Sry I had not sean owen post as it is not update in mobile .

Syed Abdul kather
send from Samsung S3
On Aug 1, 2012 11:32 PM, "syed kather" <[email protected]> wrote:

> Hi salman mahmood,
>     Whydont you try to apply clustering first . Once you applied high
> level clustering then check the top terms . You avoid the cluster which you
> feel good and try to find inter cluster which you found that it has
> confusion . Once you found that all the clusters are fine . To make the
> cluster perfect I had indexed all the document into solr . Because by using
> solr I had removed stop words and applied snow ball filter like that .
> Then as you know the identified all the clusters . Now try to verify
> whether cluster top term are good . Now from that cluster by using cluster
> points split the documents and according to its cluster . Now you will have
> bunch document s as group . Now if you apply classification and train the
> set .
>
> I hope u understood .. this is the approach I had followed . Let me know
> if you had some ideas .
> Syed Abdul kather
> send from Samsung S3
> On Aug 1, 2012 10:38 PM, "Salman Mahmood" <[email protected]> wrote:
>
>> Hi all,
>>
>> I am stuck between a decision to apply classification or clustering on the
>> data set I got.
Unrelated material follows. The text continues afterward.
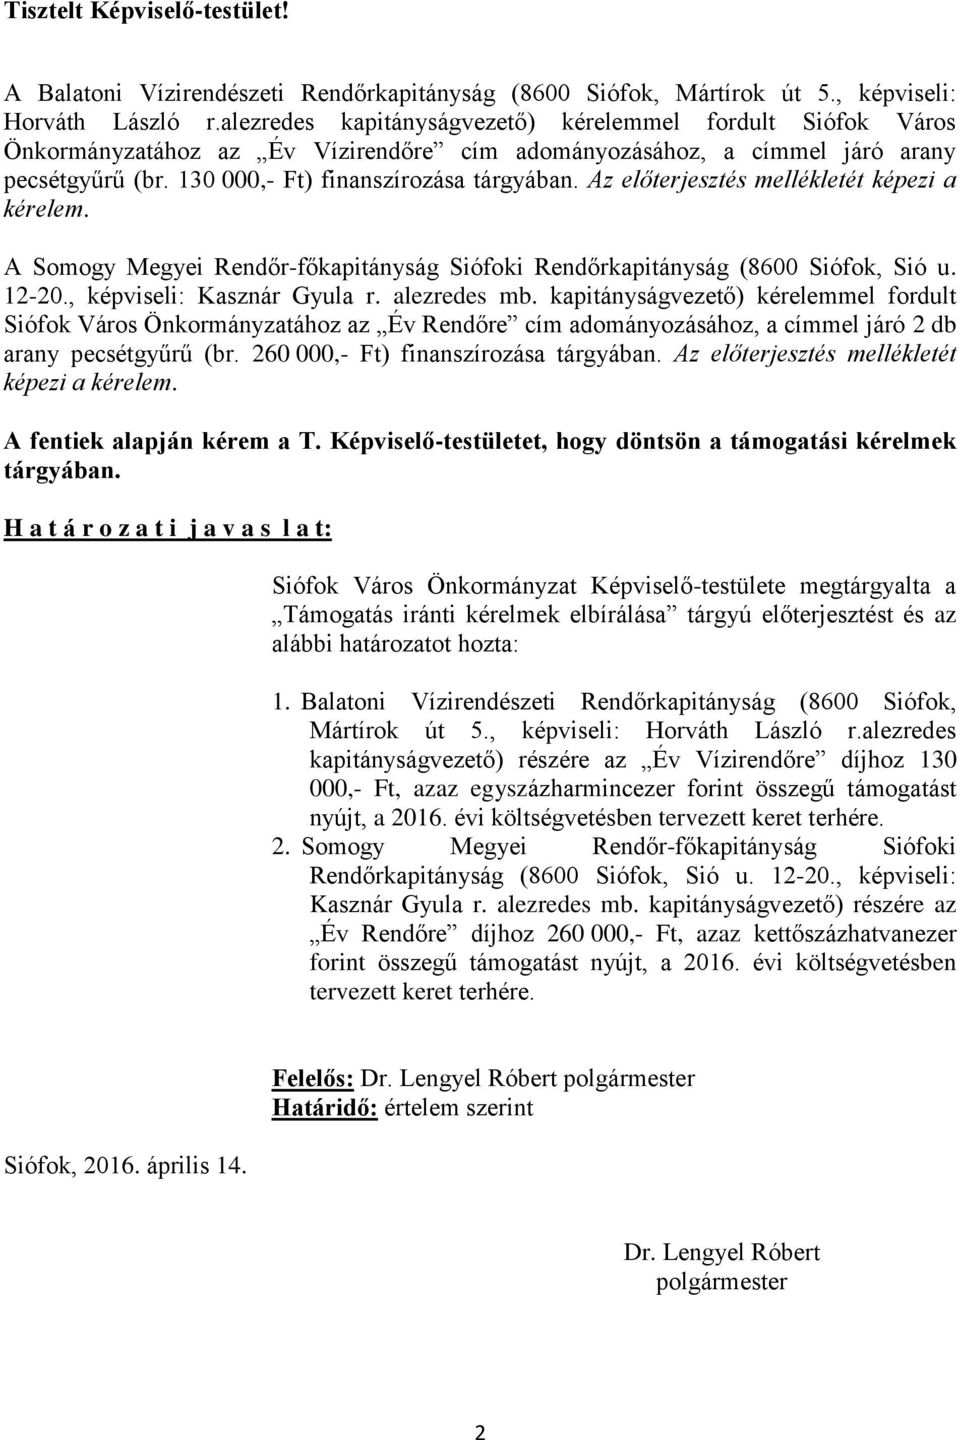 Az előterjesztés mellékletét képezi a kérelem. A Somogy Megyei Rendőr-főkapitányság Siófoki Rendőrkapitányság (8600 Siófok, Sió u. 12-20., képviseli: Kasznár Gyula r. alezredes mb.

The more I think about it, the more I get confused. Heres
>> what I am confronted with.
>>
>> I have got news documents (around 3000 and continuously increasing)
>> containing news about companies, investment, stocks, economy, quartly
>> income etc. My goal is to have the news sorted in such a way that I know
>> which news correspond to which company. e.g for the news item "Apple
>> launches new iphone", I need to associate the company Apple with it. A
>> particular news item/document only contains 'title' and 'description' so I
>> have to analyze the text in order to find out which company the news
>> referes to. It could be multiple companies too.
>>
>> To solve this, I turned to Mahout.
>>
>> I started with clustering. I was hoping to get 'Apple', 'Google', 'Intel'
>> etc as top terms in my clusters and from there I would know the news in a
>> cluster corresponds to its cluster label, but things were a bit different.
>> I got 'investment', 'stocks', 'correspondence', 'green energy',
>> 'terminal',
>> 'shares', 'street', 'olympics' and lots of other terms as the top ones
>> (which makes sense as clustering algos' look for common terms). Although
>> there were some 'Apple' clusters but the news items associated with it
>> were
>> very few.I thought may be clustering is not for this kind of problem as
>> many of the company news goes into more general clusters(investment,
>> profit) instead of the specific company cluster(Apple).
>>
>> I started reading about classification which requires training data, The
>> name was convincing too as I actually want to 'classify' my news items
>> into
>> 'company names'. As I read on, I got an impression that the name
>> classification is a bit deceiving and the technique is used more for
>> prediction purposes as compared to classification. The other confusions
>> that I got was how can I prepare training data for news documents? lets
>> assume I have a list of companies that I am interested in. I write a
>> program to produce training data for the classifier. the program will see
>> if the news title or description contains the company name 'Apple' then
>> its
>> a news story about apple. Is this how I can prepare training data?(off
>> course I read that training data is actually a set of predictors and
>> target
>> variables). If so, then why should I use mahout classification in the
>> first
>> place? I should ditch mahout and instead use this little program that I
>> wrote for training data(which actually does the classification)
>>
>> You can see how confused I am about how to address this issue. Another
>> thing that concerns me is that if its possible to make a system this
>> intelligent, that if the news says 'iphone sales at a record high' without
>> using the word 'Apple', the system can classify it as a news related to
>> apple?
>>
>> Thank you in advance for pointing me in the right direction.